Data records:
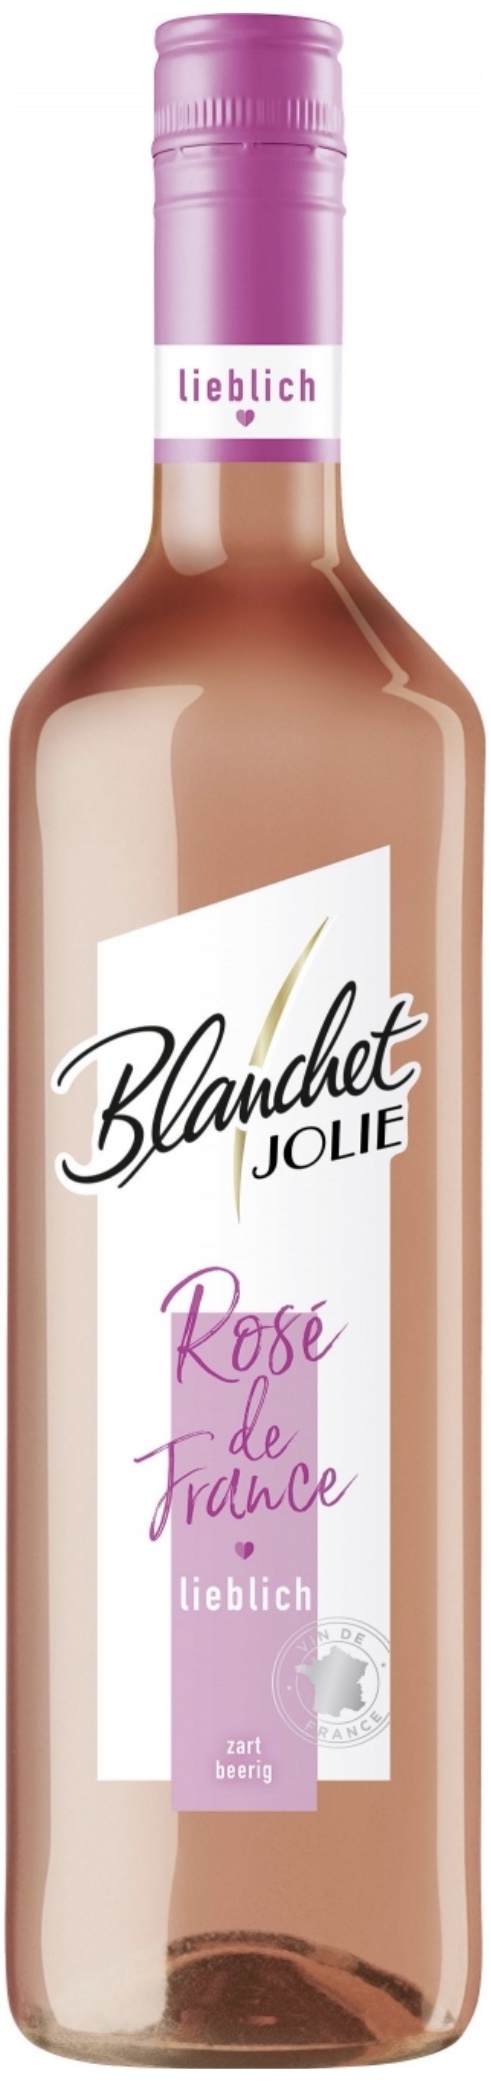 Blanchet Jolie Rose de France lieblich 11,5% vol. 0,75L
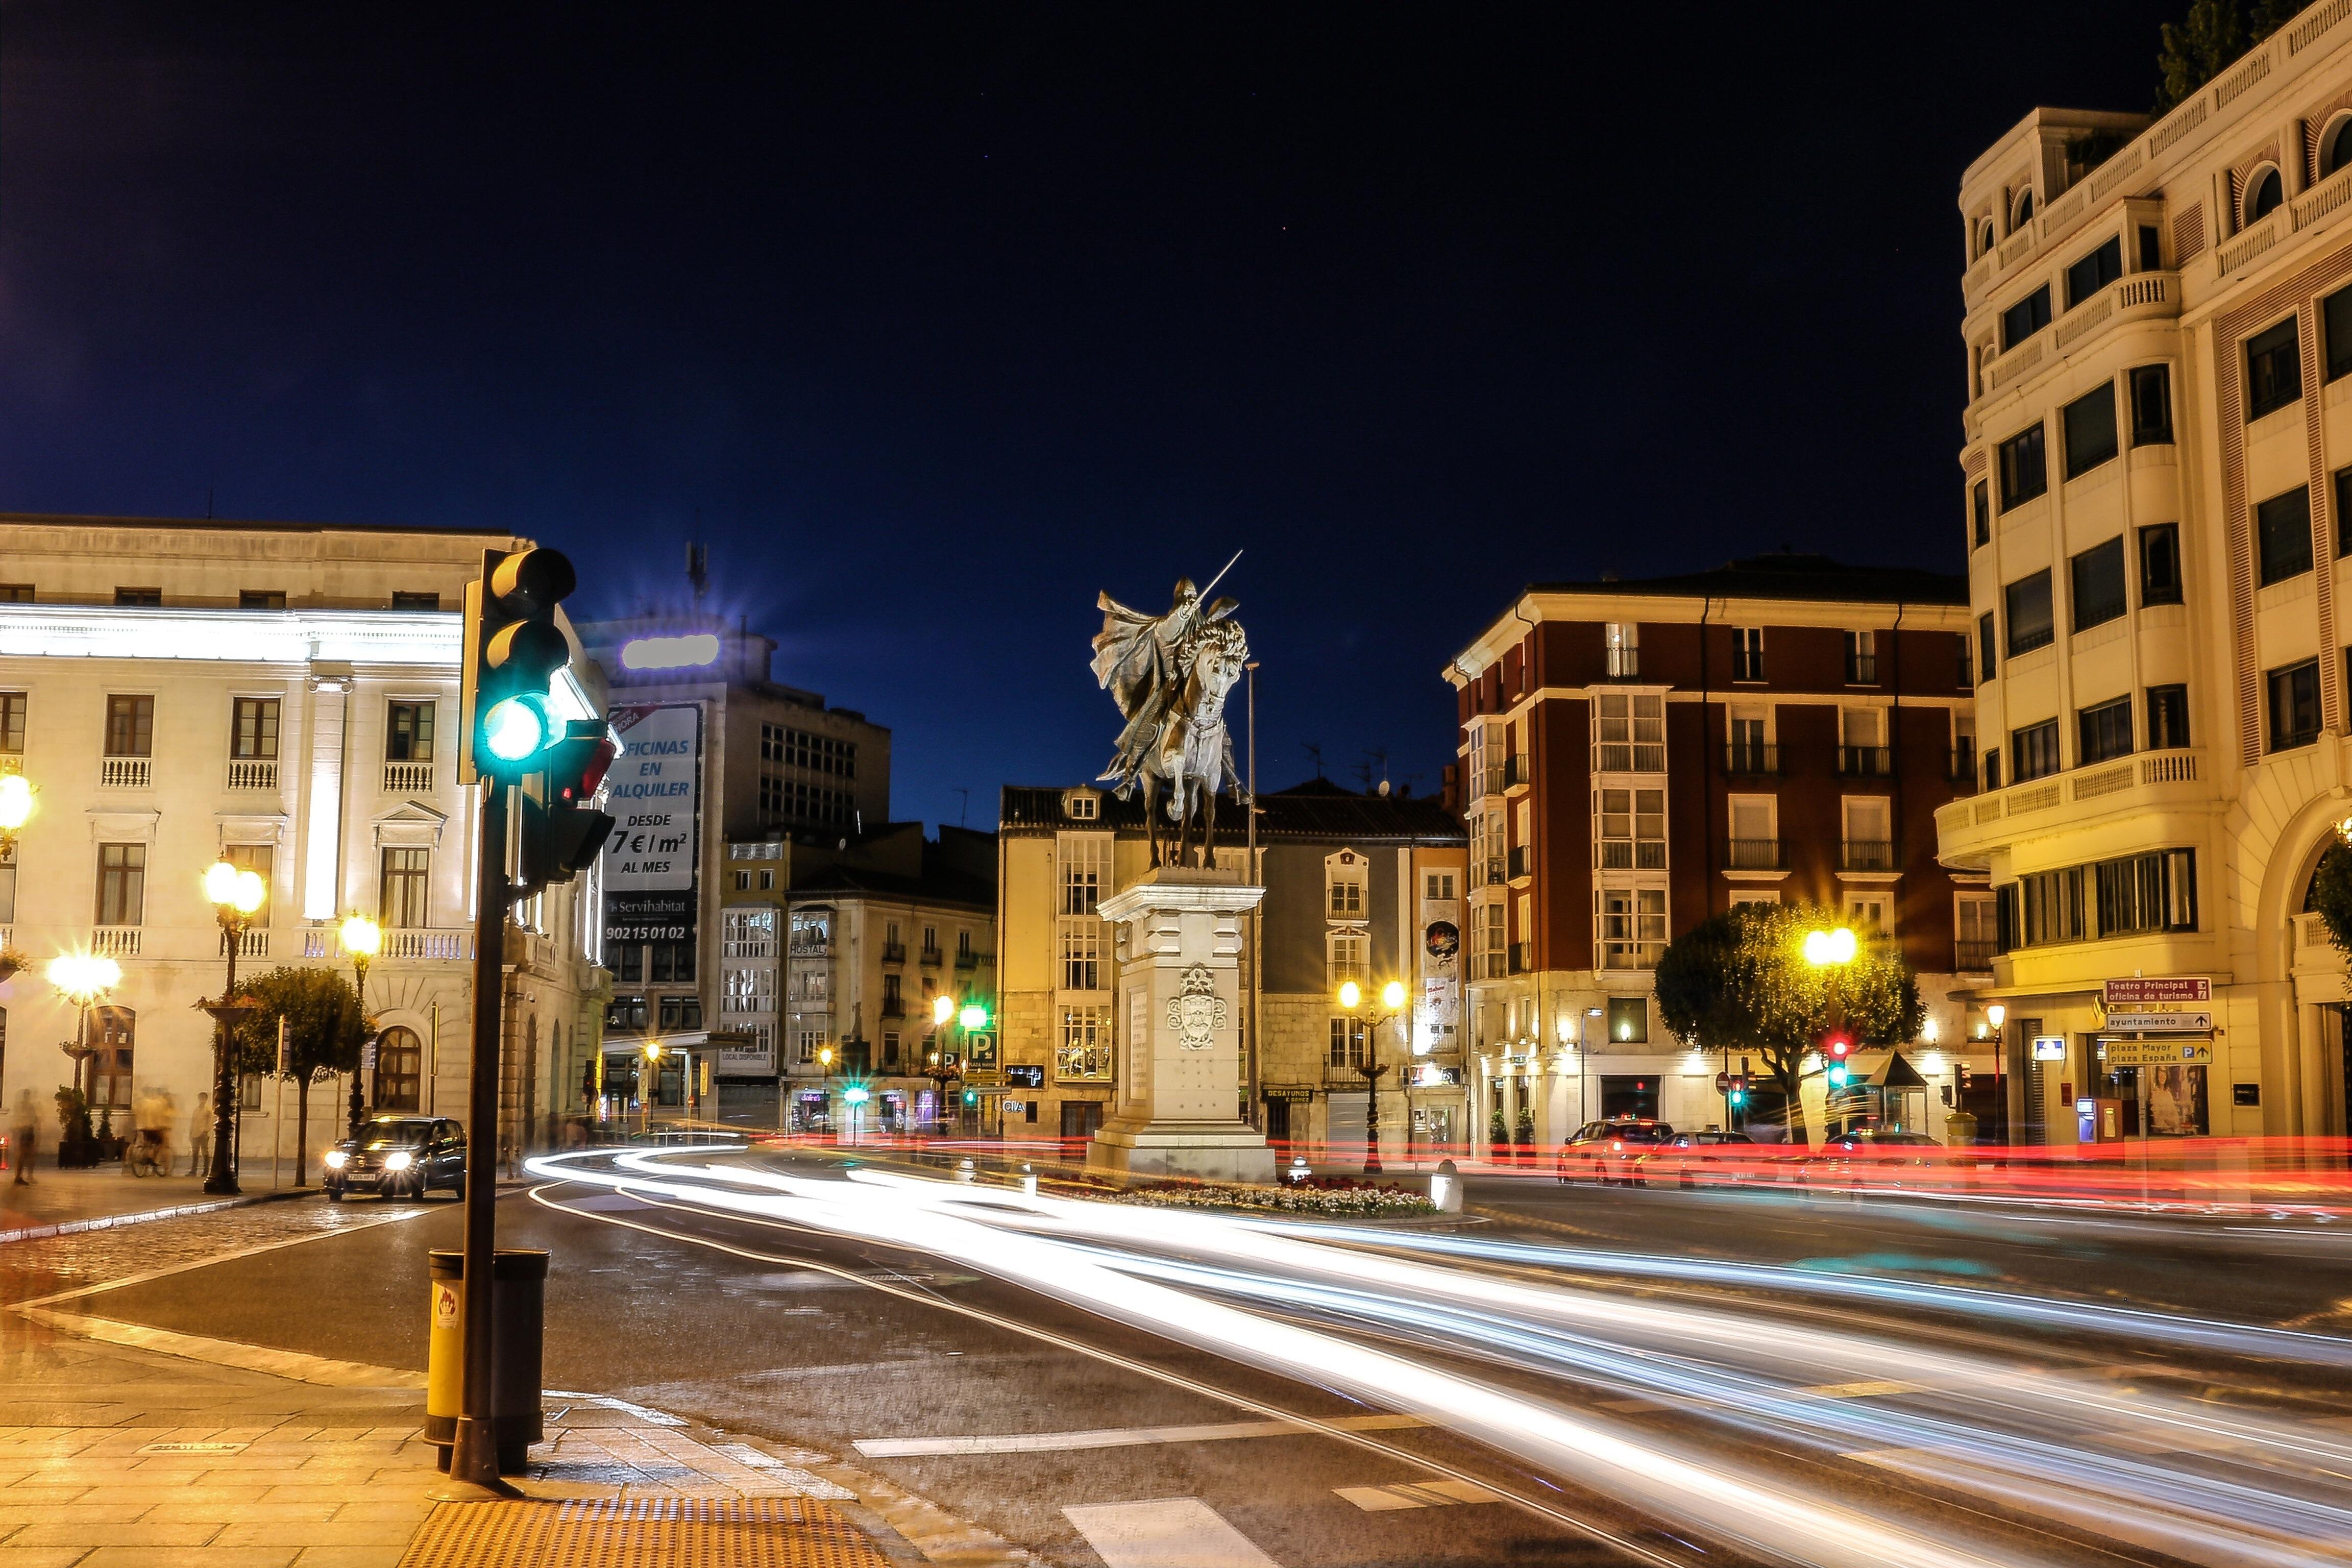 Fascinar Mayordomo Gobernador Plaza de El Cid en Burgos: 5 opiniones y 5 fotos
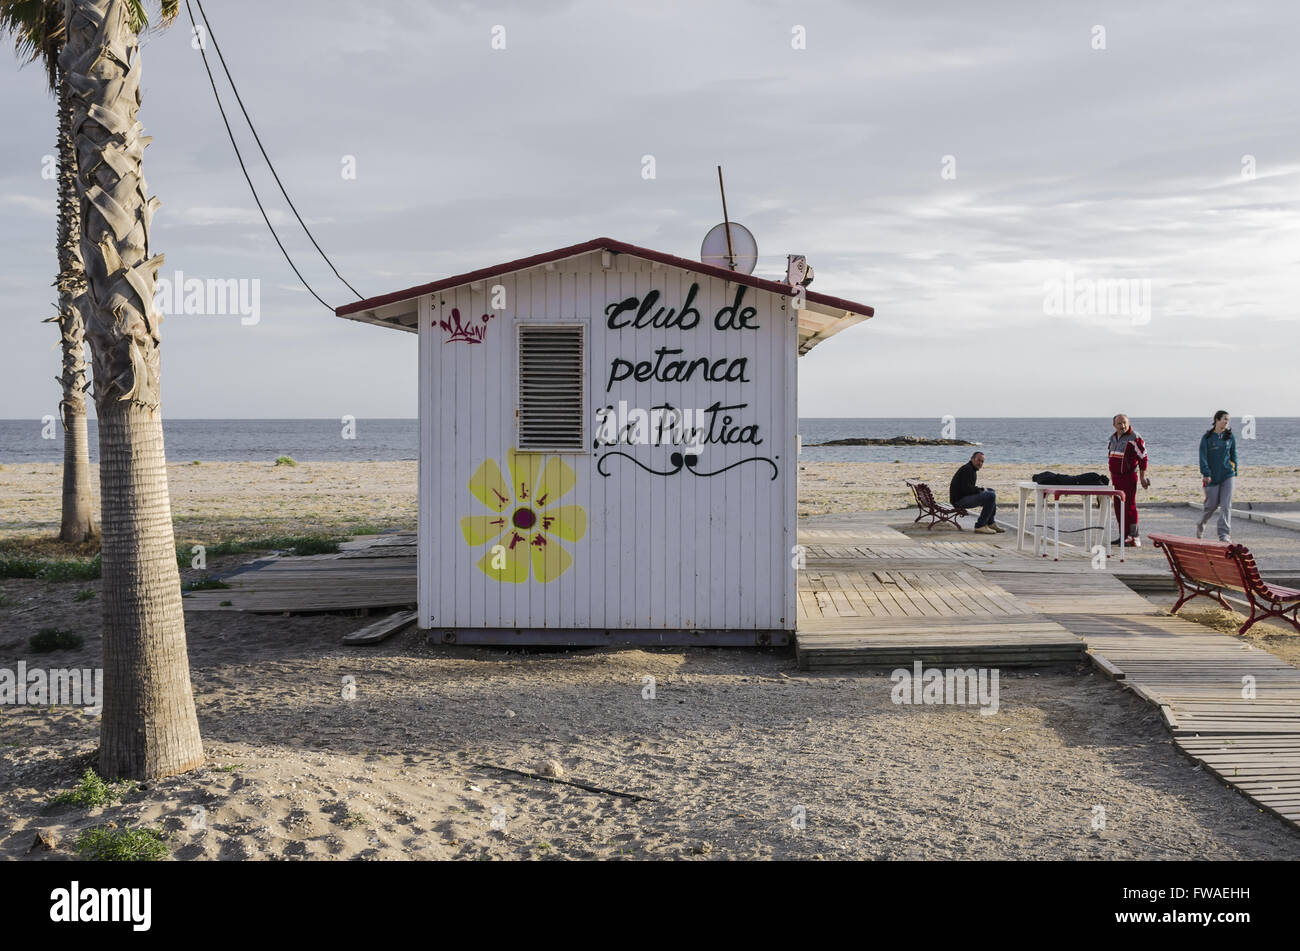 A ball games hut view in Carboneras beach, Almeria, Spain Stock Photo
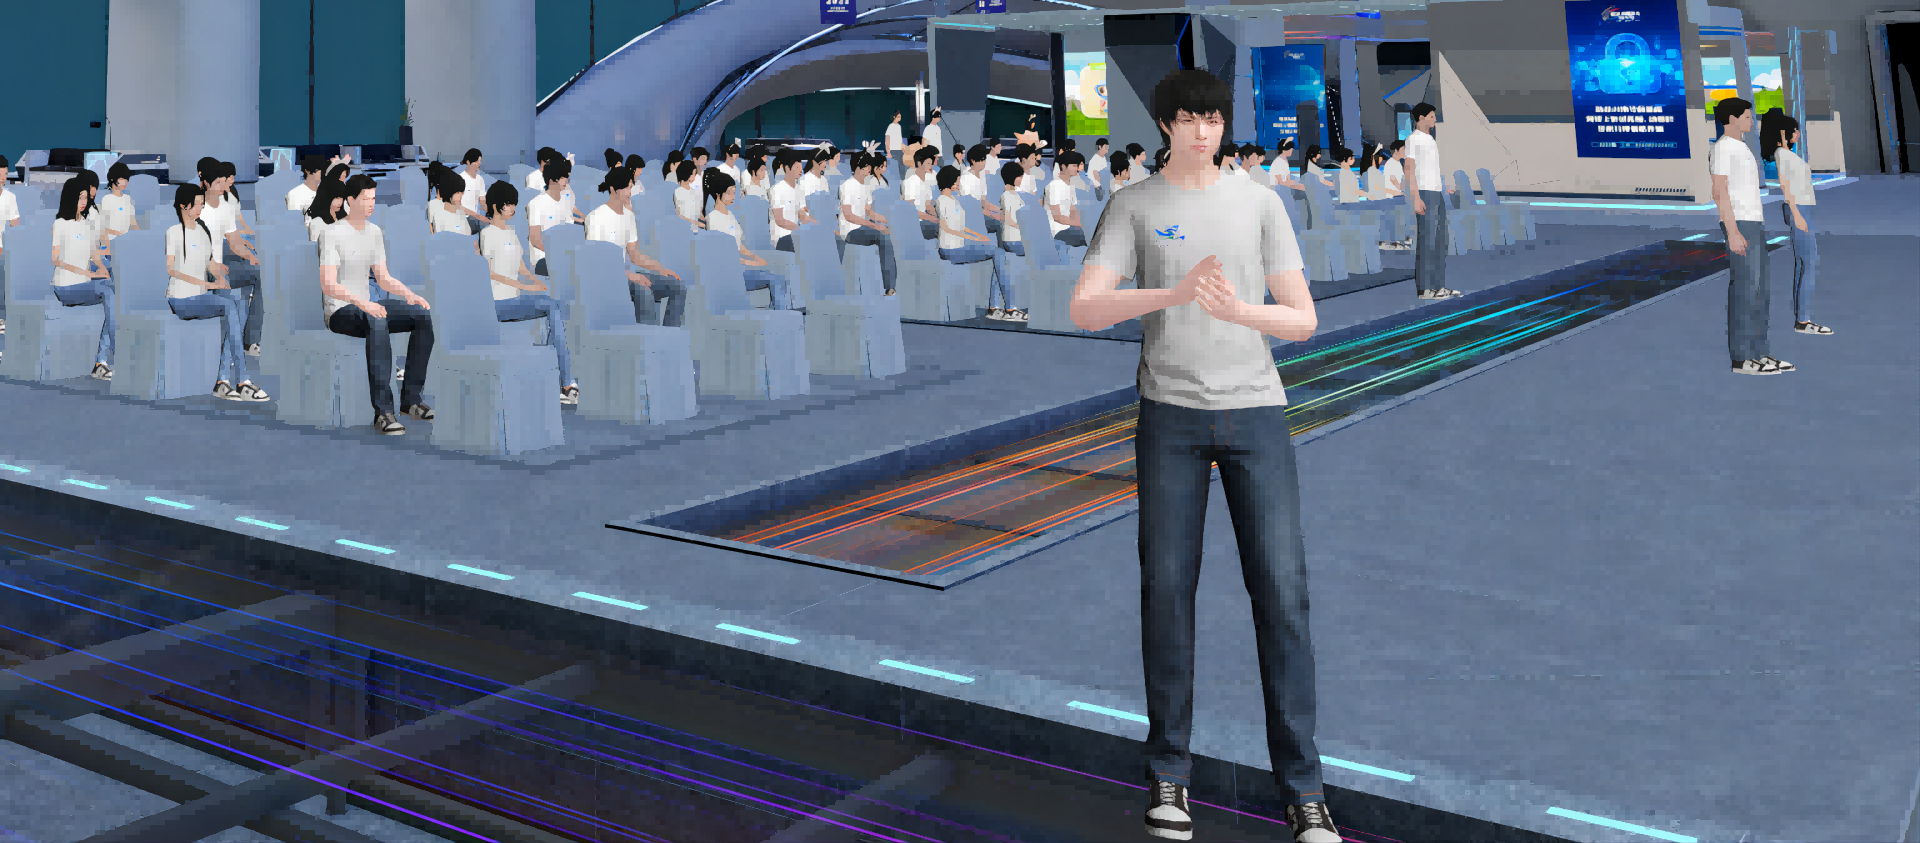 图片展示了一个虚拟现实场景，一名年轻的动画人物站在前方，背景是坐着的人群和现代化的室内环境。
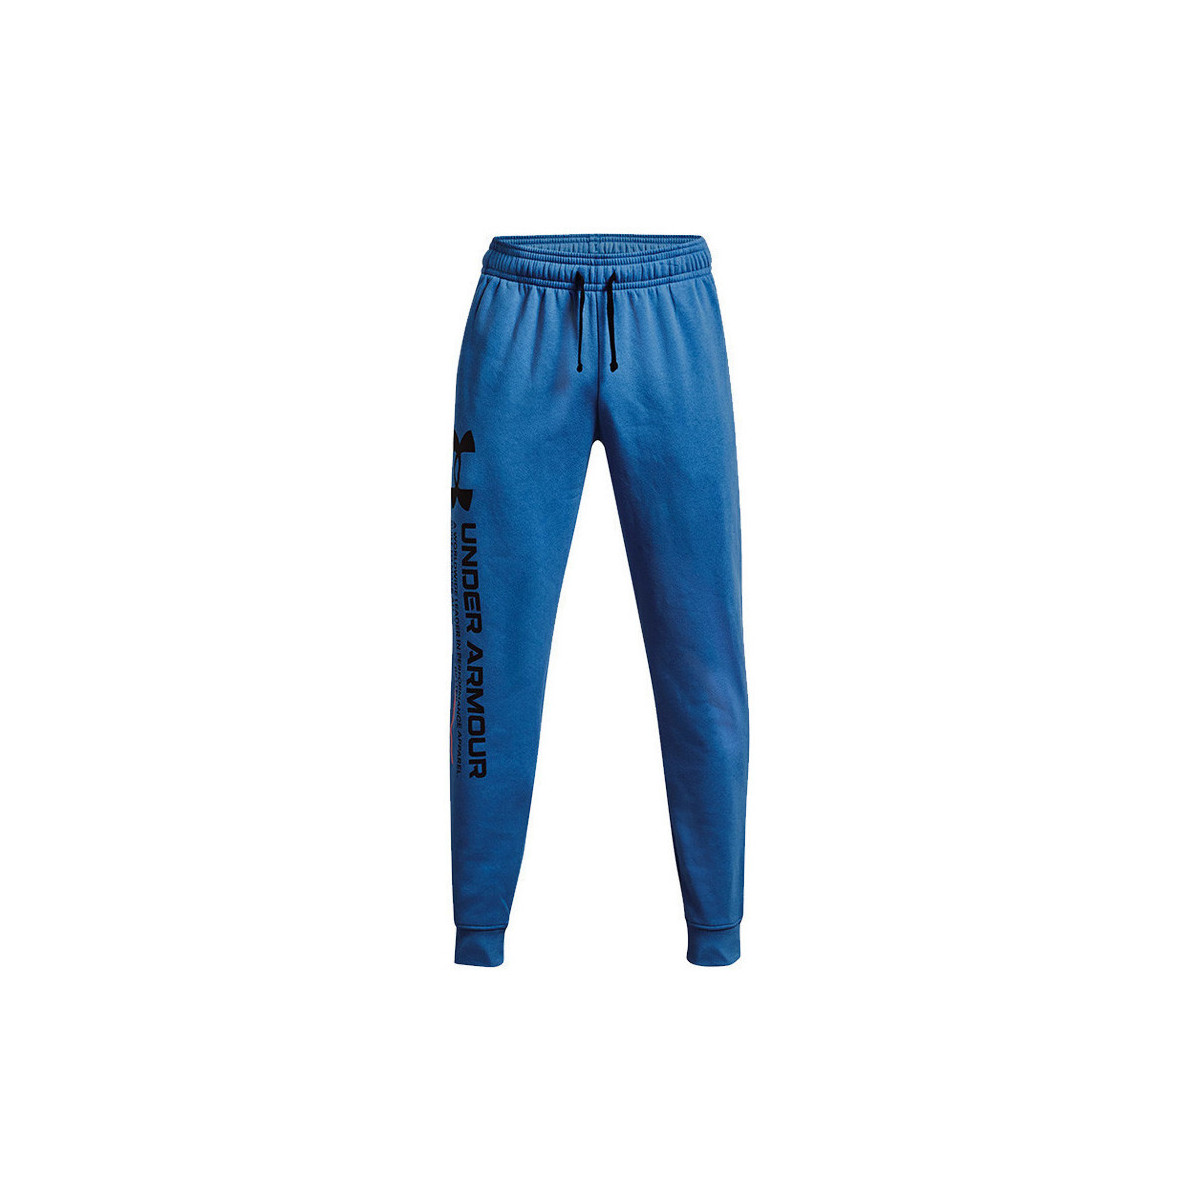 Vêtements Homme Pantalons de survêtement Under Armour RIVAL FLEECE Chroma Bleu

▶ _BRIEF_: Exactly as written, restate all of the data, leaving out the images.

▶ _ANSWER TO THIS EXERCISE_:
 Blanchet Jolie Rose de France lieblich 11,5% vol. 0,75L
 Fascinar Mayordomo Gobernador Plaza de El Cid en Burgos: 5 opiniones y 5 fotos
 A ball games hut view in Carboneras beach, Almeria, Spain Stock Photo
 图片展示了一个虚拟现实场景，一名年轻的动画人物站在前方，背景是坐着的人群和现代化的室内环境。
 Vêtements Homme Pantalons de survêtement Under Armour RIVAL FLEECE Chroma Bleu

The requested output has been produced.